The set of all real values \( a \) for which \[ -1<\frac{2x^2 + ax + 2}{x^2 + x + 1}<3 \] holds for all real values of \( x \) is:

• A. \( (-7,5) \)
• B. \( (5, \infty) \)
• C. \( (1,5) \)
• D. \( (-\infty, 1) \)

Hint:

For rational inequalities to hold for all real values, ensure that the discriminant conditions lead to a valid range for parameters.

Answer 1

The Correct Option is C

Step 1: Understanding the given inequality 
We need to find the values of \( a \) such that the given inequality: \[ -1<\frac{2x^2 + ax + 2}{x^2 + x + 1}<3 \] holds for all \( x \in \mathbb{R} \).

Step 2: Setting up the inequality constraints 
Rewriting the given fraction: \[ -1<\frac{2x^2 + ax + 2}{x^2 + x + 1}<3. \] Multiply both sides by \( x^2 + x + 1 \) (which is always positive for all real \( x \) since the discriminant is negative): \[ - (x^2 + x + 1)<2x^2 + ax + 2<3(x^2 + x + 1). \] Expanding both inequalities: \[ - x^2 - x - 1<2x^2 + ax + 2<3x^2 + 3x + 3. \] 

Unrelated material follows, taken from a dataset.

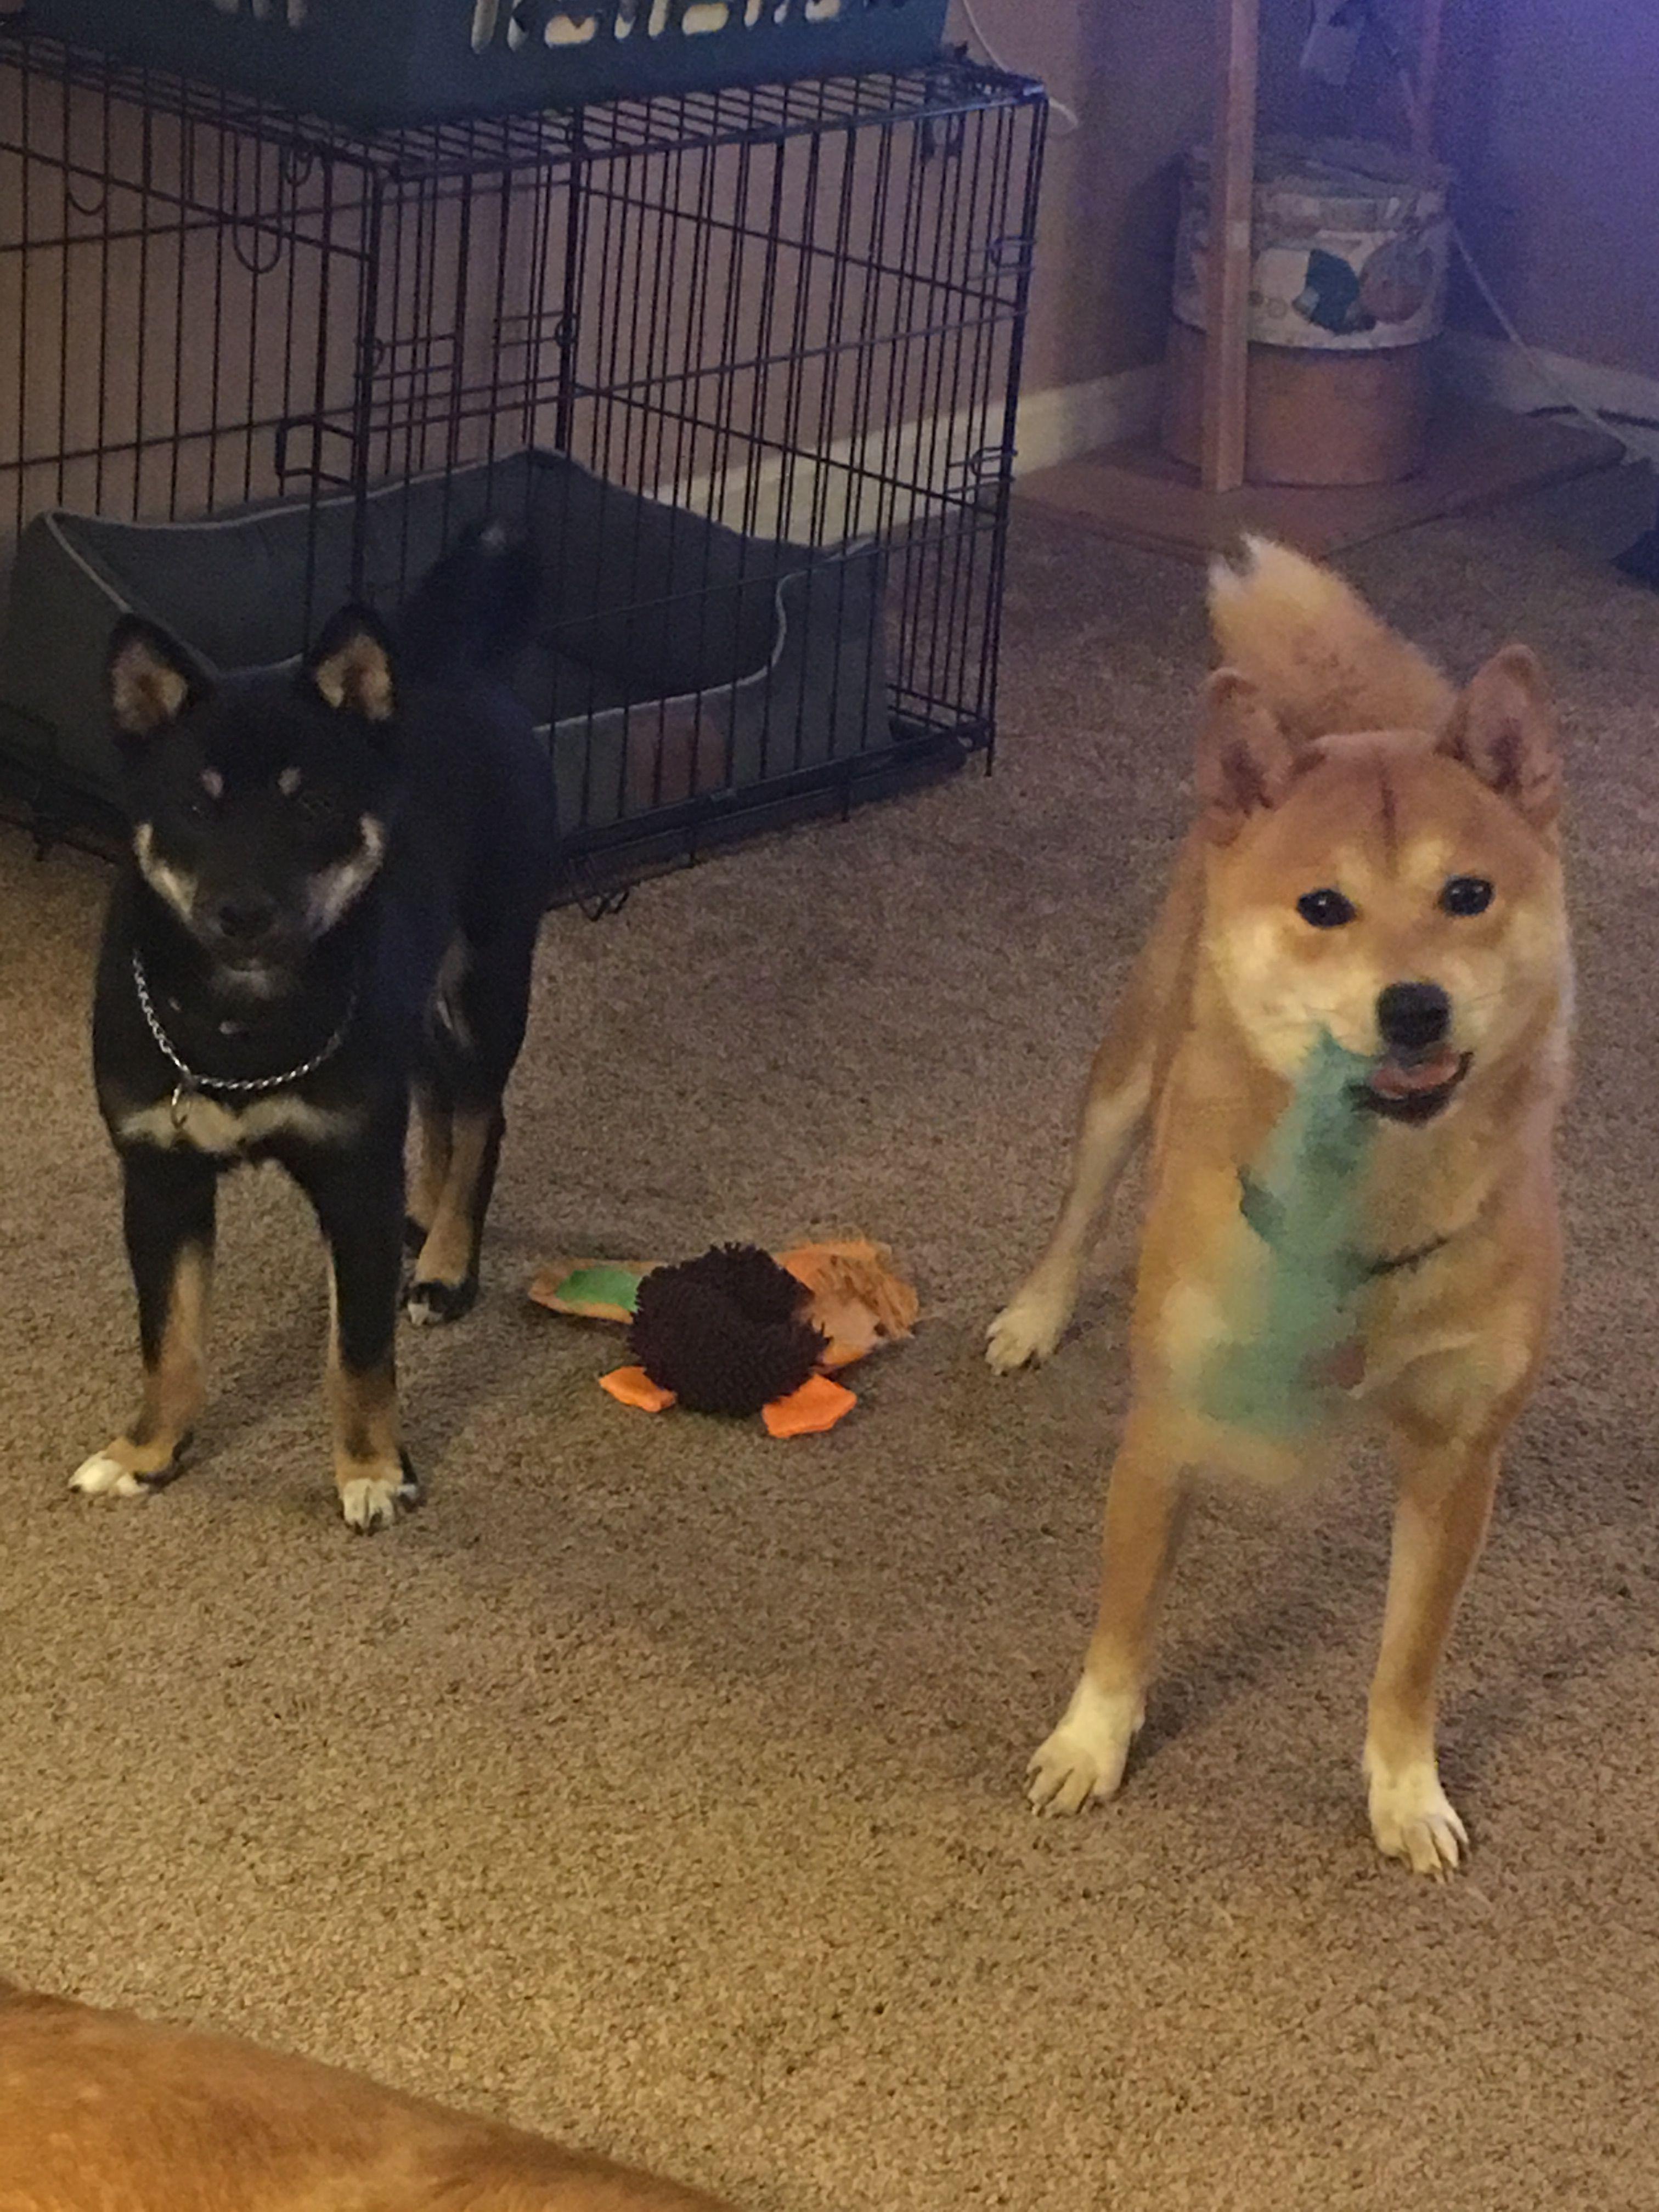 Crazy Shiba S Playing Up A Storm Animals Animals Dogs Shiba

Step 3: Solving for \( a \) 
Rearrange both inequalities: 1. \( 2x^2 + ax + 2 + x^2 + x + 1>0 \Rightarrow 3x^2 + (a+1)x + 3>0 \). 2. \( 2x^2 + ax + 2<3x^2 + 3x + 3 \Rightarrow -x^2 + (a - 3)x - 1<0 \). For these quadratic inequalities to hold for all real \( x \), the discriminants must be negative: 1. \( (a+1)^2 - 4(3)(3)<0 \Rightarrow a^2 + 2a + 1 - 36<0 \Rightarrow a^2 + 2a - 35<0 \). 2. \( (a - 3)^2 - 4(-1)(-1)<0 \Rightarrow a^2 - 6a + 9 - 4<0 \Rightarrow a^2 - 6a + 5<0 \). Solving these quadratic inequalities gives: 1. \( (a - 5)(a + 7)<0 \Rightarrow -7<a<5 \). 2. \( (a - 1)(a - 5)<0 \Rightarrow 1<a<5 \). The intersection of these intervals is \( (1,5) \). 

Step 4: Conclusion 
Thus, the correct set of values for \( a \) is: \[ \boxed{(1,5)} \]